= List of chemical compounds with unusual names =

Chemical nomenclature, replete as it is with compounds with very complex names, is a repository for some names that may be considered unusual. A browse through the Physical Constants of Organic Compounds in the CRC Handbook of Chemistry and Physics (a fundamental resource) will reveal not just the whimsical work of chemists, but the sometimes peculiar compound names that occur as the consequence of simple juxtaposition. Some names derive legitimately from their chemical makeup, from the geographic region where they may be found, the plant or animal species from which they are isolated or the name of the discoverer.

Some are given intentionally unusual trivial names based on their structure, a notable property or at the whim of those who first isolate them. However, many trivial names predate formal naming conventions. Trivial names can also be ambiguous or carry different meanings in different industries, geographic regions and languages.
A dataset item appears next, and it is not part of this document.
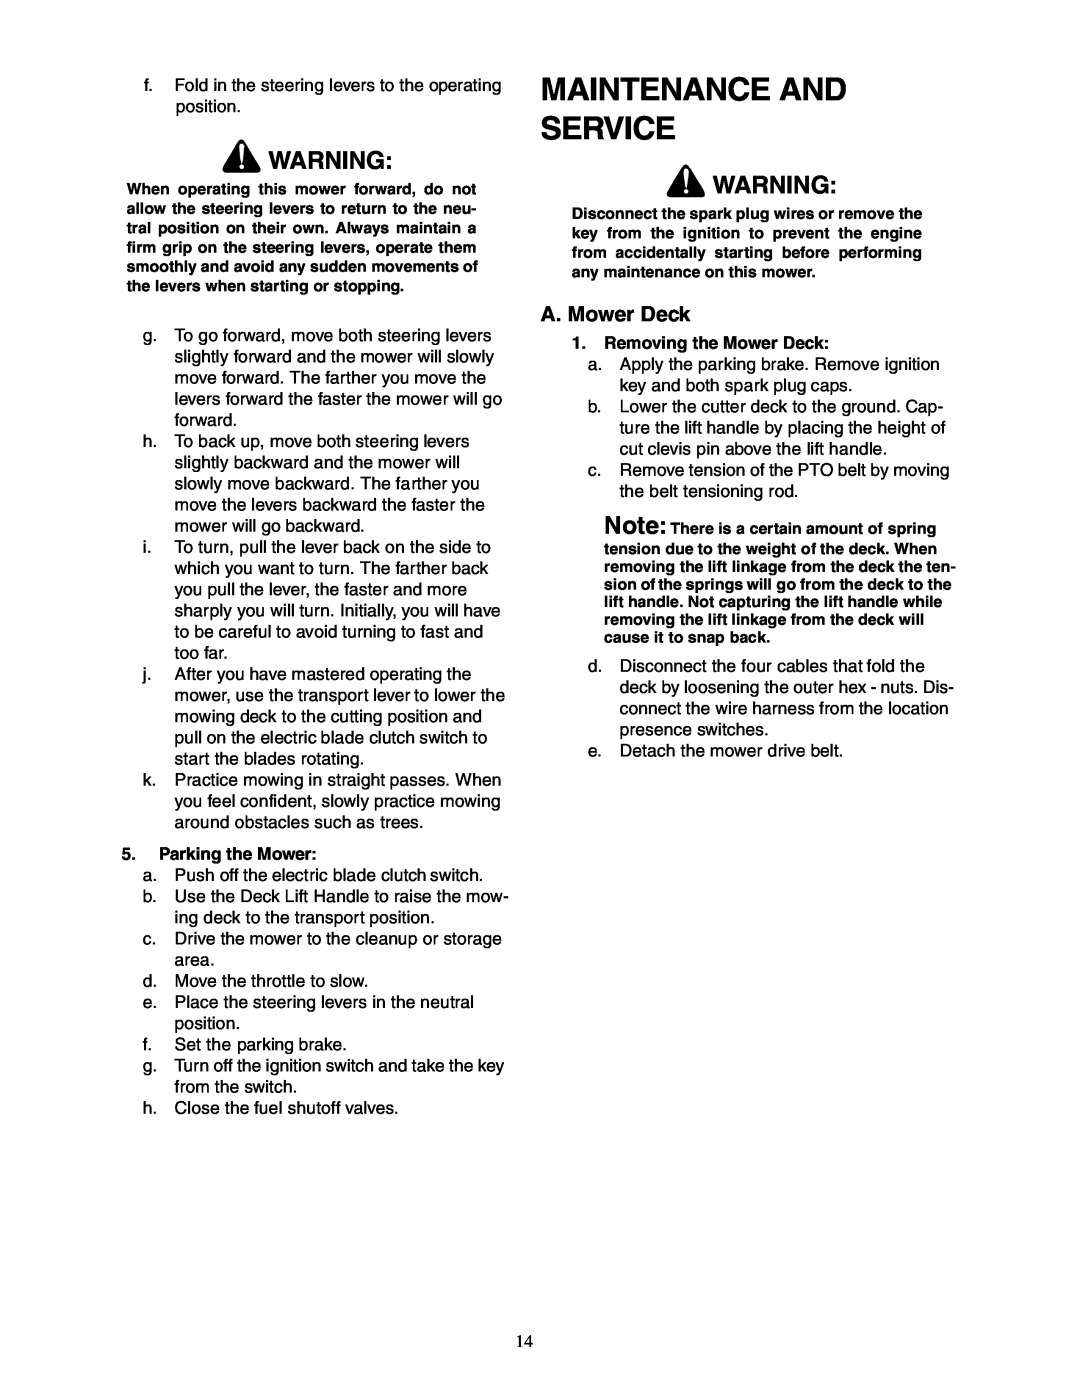 Cub Cadet Z - Wing 48 service manual Maintenance And Service, A. Mower Deck

Godly noted that "Trivial names having the status of INN or ISO are carefully tailor-made for their field of use and are internationally accepted". In his preface to Chemical Nomenclature, Thurlow wrote that "Chemical names do not have to be deadly serious". A website in existence since 1997 and maintained at the University of Bristol lists a selection of "molecules with silly or unusual names" strictly for entertainment. These so-called silly or funny trivial names (depending on culture) can also serve an educational purpose. In an article in the Journal of Chemical Education, Dennis Ryan argues that students of organic nomenclature (considered a "dry and boring" subject) may actually take an interest in it when tasked with the job of converting funny-sounding chemical trivial names to their proper systematic names.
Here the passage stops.